Last night's dogbite: Union
Champagne, Creme de Cassis, Drinkage, Gin, Liqueurs July 11th, 2008
Way out west there was this fella, and his drink, I wanna tell ya about. Goes by the name of Keith Waldbauer. His drink goes by the name, “Union“. At least that was the handle its loving creator gave it. Now, “Union” – there’s a name no man would seek out to associate himself with in the South where I come from. But then there was a lot about Keith that don’t make a whole lot of sense. And a lot about where he lived, likewise. But then again, maybe that’s why I found the drink so darned interestin’. See, they call his bar “Union” too; but I can’t say I’ve come here to talk about that, exactly. But I’ll allow it as there are some nice folks there, in Seattle. ‘Course I ain’t never been to London, and I ain’t never seen France. And I ain’t never seen no queen in her damned undies, so the feller says. But I’ll tell you what – after drinking the “Union”, and this here story I’m about to unfold, well, I guess I seen somethin’ every bit as stupefyin’ as you’d seen in any of them other places. And in English, too. So I can die with a smile on my face, without feelin’ like the good Lord gypped me.

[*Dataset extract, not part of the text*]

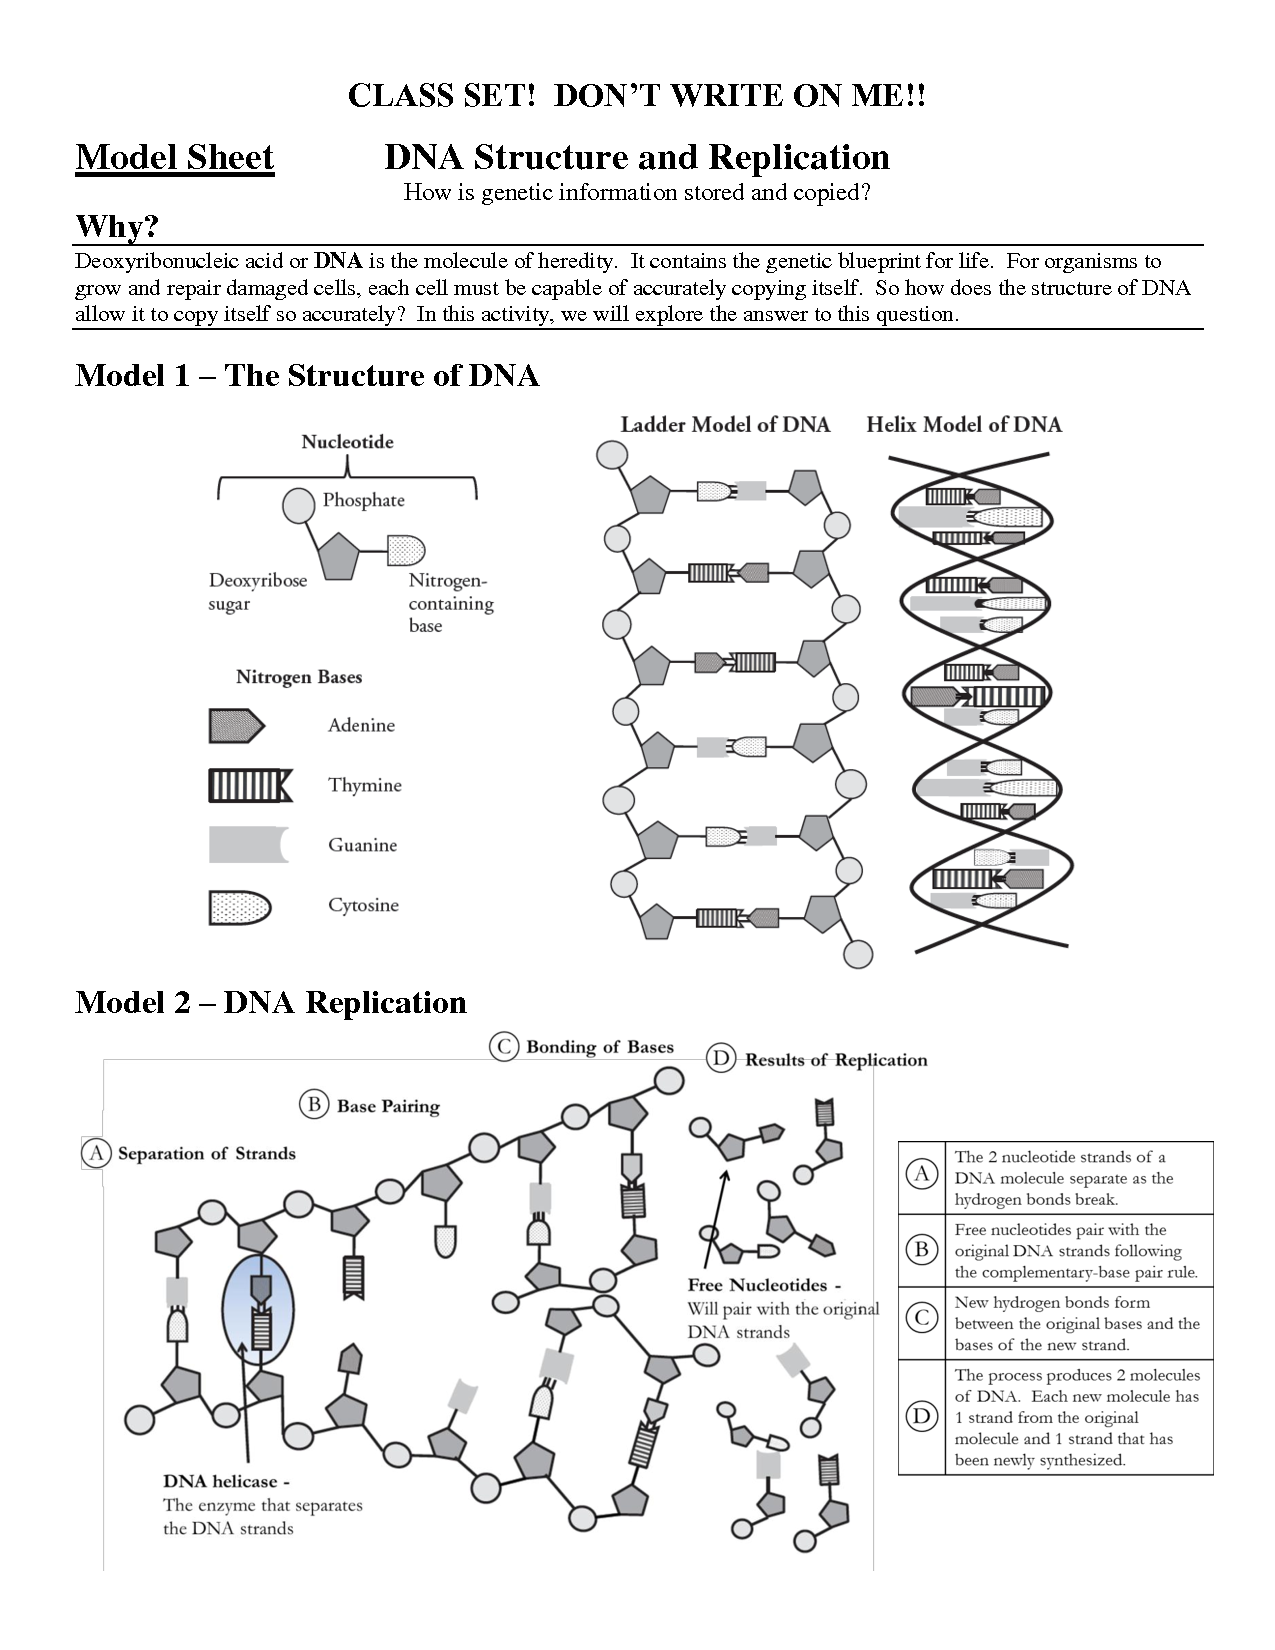 DNA Structure and Replication Answer Key POGIL

Now this here drink I’m about to tell you about came about in the early twenty aughts – just about the time of our conflict with Sad’m and the I-raqis. I only mention it because sometimes there’s a drink… I won’t say a classic, ’cause, what’s a classic? Sometimes, there’s a drink. And I’m talkin’ about the Union here – the Union from Seattle. Sometimes, there’s a drink, well, it’s the drink for its time and place. It fits right in there. And that’s the Union. The Union, from Seattle. And even if it’s a fine drink – and the Union is most certainly that. Quite possibly one of the more finest in all of King County, which would place him high in the runnin’ for worldwide. Sometimes there’s a drink, sometimes, there’s a drink. Well, I lost my train of thought here. But… aw, hell. I’ve done introduced it enough.12
Union
- 4 mint leaves
- 2 drops rosewater
- 2 barspoons creme de cassis
Muddle the above in a mixing glass.
- 2oz Hendrick’s gin
Fill mixing glass with ice and stir. Strain into a cocktail glass and top off with 1oz prosecco or other light sparkling wine. Garnish with a single rose petal3 .

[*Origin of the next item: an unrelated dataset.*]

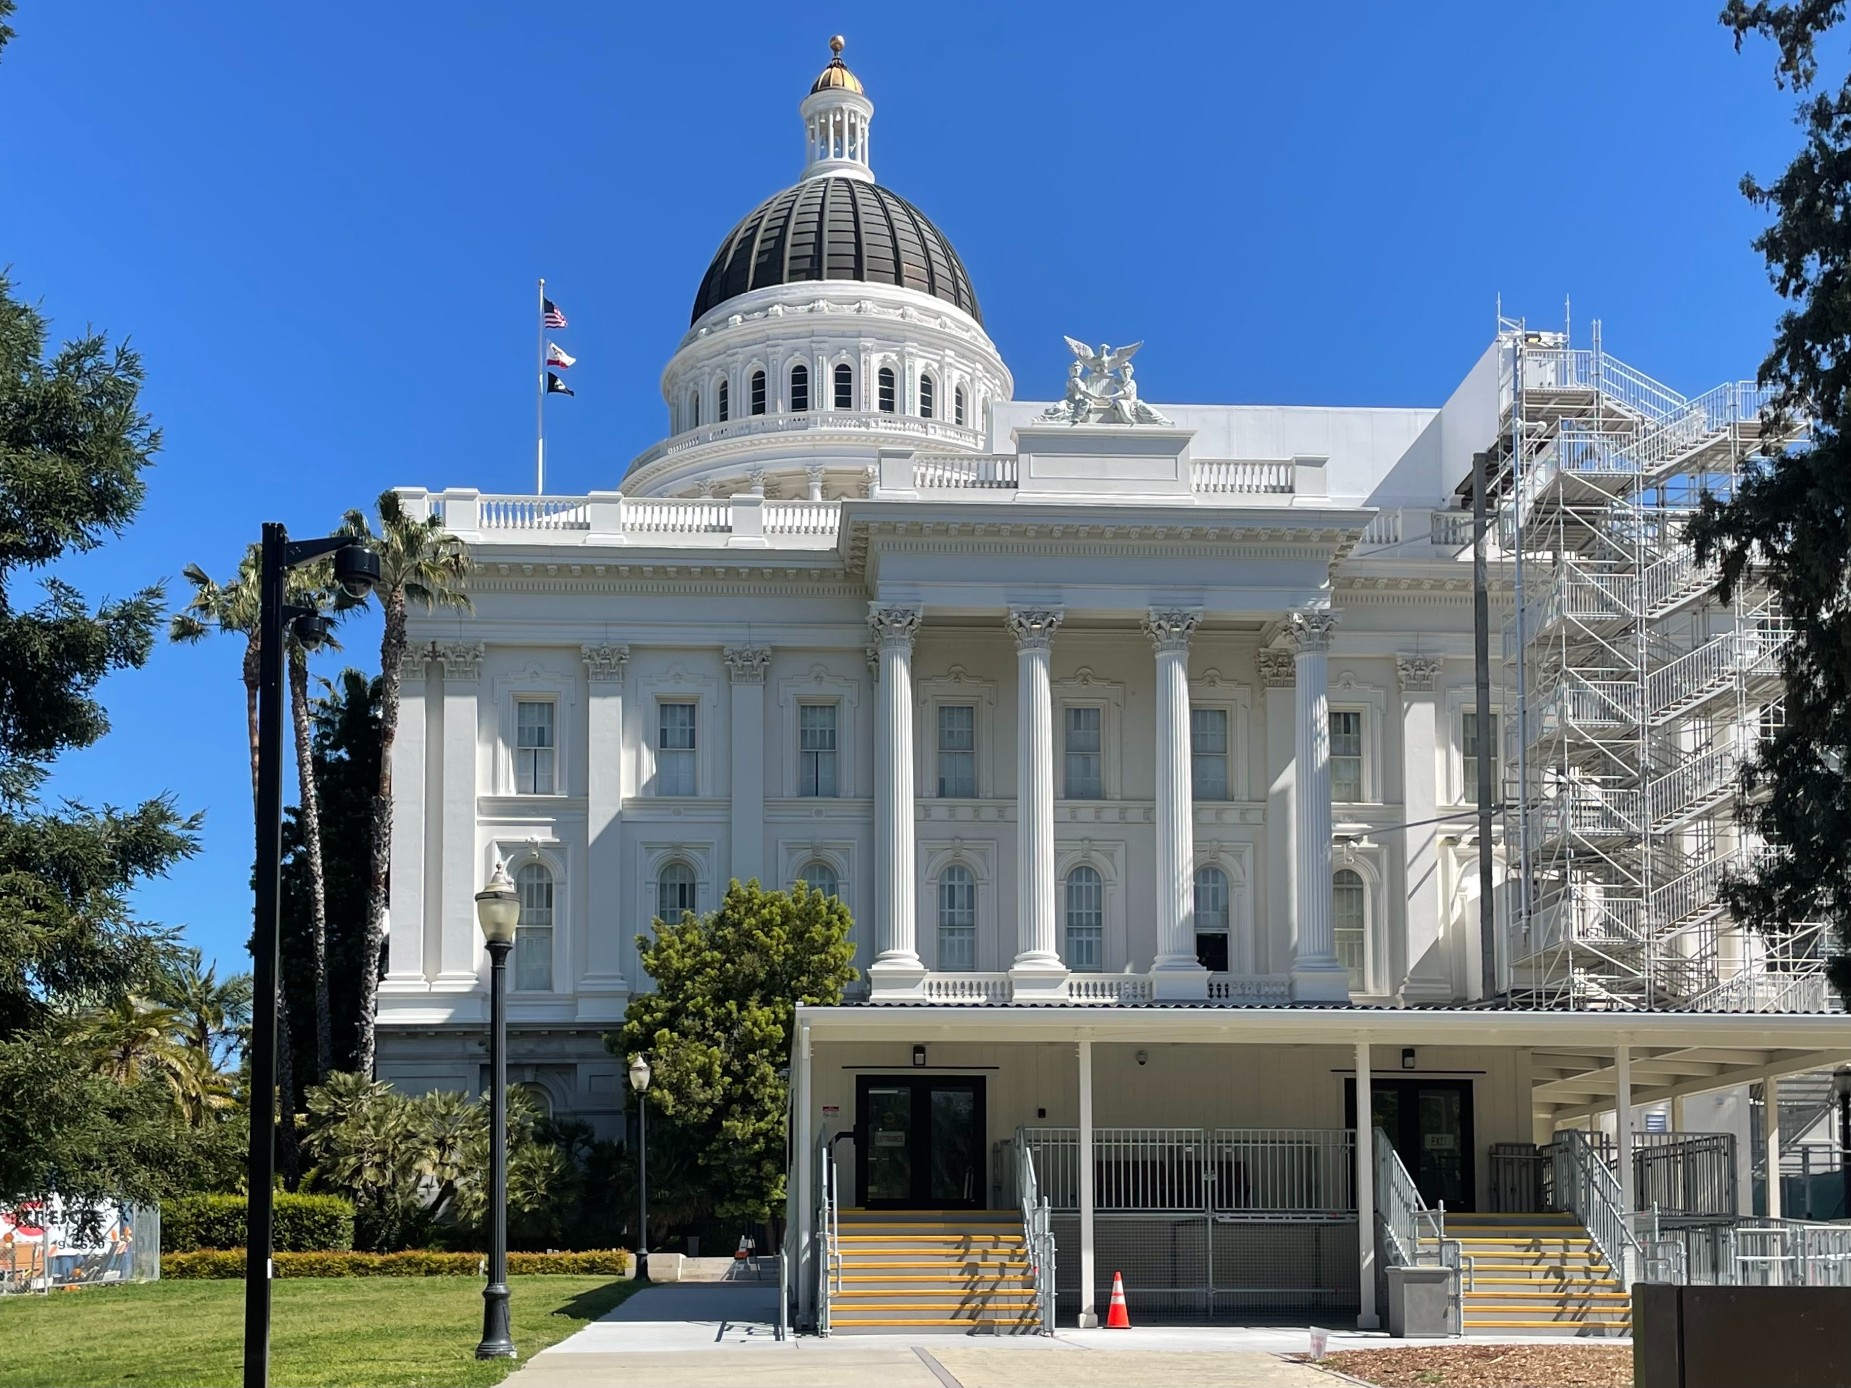 Why State Legislative Staff Want to Unionize FDA Approves Over-the-Counter Birth Control Pill Sacramento Seminar on Neurodevelopmental Disorders image

This drink was developed by Keith as a way of reviving an old cocktail at Union as well as a way to honor his recent betothral to his fiancee’, Christine4 . A wonderful story and a wonderful drink, if you take a few precautions. See, there is a lot going on in this drink. Everyone that tried it that evening immediately commented on two things; the floral aromatic and the mouthfeel. An extemely important, but easily overlooked, component in this drink is the rosewater. I’m not sure what they use at Keith’s bar, but the store-bought, if overapplied, creates an oily feel to the drink which can turn some people off. So, when it says ‘two drops’, grab your eyedropper and use exactly that, two drops. An incautious pour will send this over the edge like Walter Sobchak at a bowling tournament.
Also, I think Hendrick’s is an ideal gin for this; I wouldn’t change a thing in the gin but understand that this is a gin-lover’s drink. People unused to or put off by gin will not find many charms here, which leads me to my next warning: use an artisanal creme de cassis if at all possible. I’m forced to use Hiram Walker Creme de Cassis in this cocktail backwater and it drags the drink down a touch with its tacky and sachharine quality. Using Massenez Creme de Framboise did wonders for it, but changed the drink’s character significantly.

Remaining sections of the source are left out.